Work required
Two lines below mark the span: the one containing "It Is A Bridge Unisex Hoodie" and the one containing "La gente che". Set down both, plus every line between, exactly as they stand, and nothing else.

Records to process
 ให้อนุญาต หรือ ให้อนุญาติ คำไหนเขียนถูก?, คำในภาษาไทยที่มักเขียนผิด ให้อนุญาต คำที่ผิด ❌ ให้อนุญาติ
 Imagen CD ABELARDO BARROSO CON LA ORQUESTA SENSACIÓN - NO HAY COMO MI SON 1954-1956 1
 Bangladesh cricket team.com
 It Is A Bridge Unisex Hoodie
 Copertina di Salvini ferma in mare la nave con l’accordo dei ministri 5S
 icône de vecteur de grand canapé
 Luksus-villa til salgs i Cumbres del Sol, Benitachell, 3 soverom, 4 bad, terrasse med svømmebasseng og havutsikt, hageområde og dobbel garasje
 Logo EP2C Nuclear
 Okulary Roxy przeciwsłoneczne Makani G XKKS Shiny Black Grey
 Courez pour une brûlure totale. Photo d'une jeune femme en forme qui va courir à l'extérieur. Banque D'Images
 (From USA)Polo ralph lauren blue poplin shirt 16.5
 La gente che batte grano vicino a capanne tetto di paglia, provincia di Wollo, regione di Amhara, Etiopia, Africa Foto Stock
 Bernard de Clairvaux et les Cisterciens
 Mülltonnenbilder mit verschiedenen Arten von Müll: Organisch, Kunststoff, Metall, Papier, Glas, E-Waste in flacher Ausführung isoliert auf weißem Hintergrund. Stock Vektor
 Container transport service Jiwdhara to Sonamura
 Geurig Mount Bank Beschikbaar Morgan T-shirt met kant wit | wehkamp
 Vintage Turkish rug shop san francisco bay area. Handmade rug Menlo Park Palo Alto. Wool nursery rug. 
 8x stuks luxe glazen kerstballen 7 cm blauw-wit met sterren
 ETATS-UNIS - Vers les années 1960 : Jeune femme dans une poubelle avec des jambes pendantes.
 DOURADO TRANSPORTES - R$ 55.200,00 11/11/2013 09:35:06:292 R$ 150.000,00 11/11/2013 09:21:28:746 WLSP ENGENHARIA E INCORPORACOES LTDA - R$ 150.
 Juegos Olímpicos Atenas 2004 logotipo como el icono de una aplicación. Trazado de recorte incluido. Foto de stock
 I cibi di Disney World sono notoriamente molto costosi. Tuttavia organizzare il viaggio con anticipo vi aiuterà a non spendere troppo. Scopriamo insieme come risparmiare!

Task response
 It Is A Bridge Unisex Hoodie
 Copertina di Salvini ferma in mare la nave con l’accordo dei ministri 5S
 icône de vecteur de grand canapé
 Luksus-villa til salgs i Cumbres del Sol, Benitachell, 3 soverom, 4 bad, terrasse med svømmebasseng og havutsikt, hageområde og dobbel garasje
 Logo EP2C Nuclear
 Okulary Roxy przeciwsłoneczne Makani G XKKS Shiny Black Grey
 Courez pour une brûlure totale. Photo d'une jeune femme en forme qui va courir à l'extérieur. Banque D'Images
 (From USA)Polo ralph lauren blue poplin shirt 16.5
 La gente che batte grano vicino a capanne tetto di paglia, provincia di Wollo, regione di Amhara, Etiopia, Africa Foto Stock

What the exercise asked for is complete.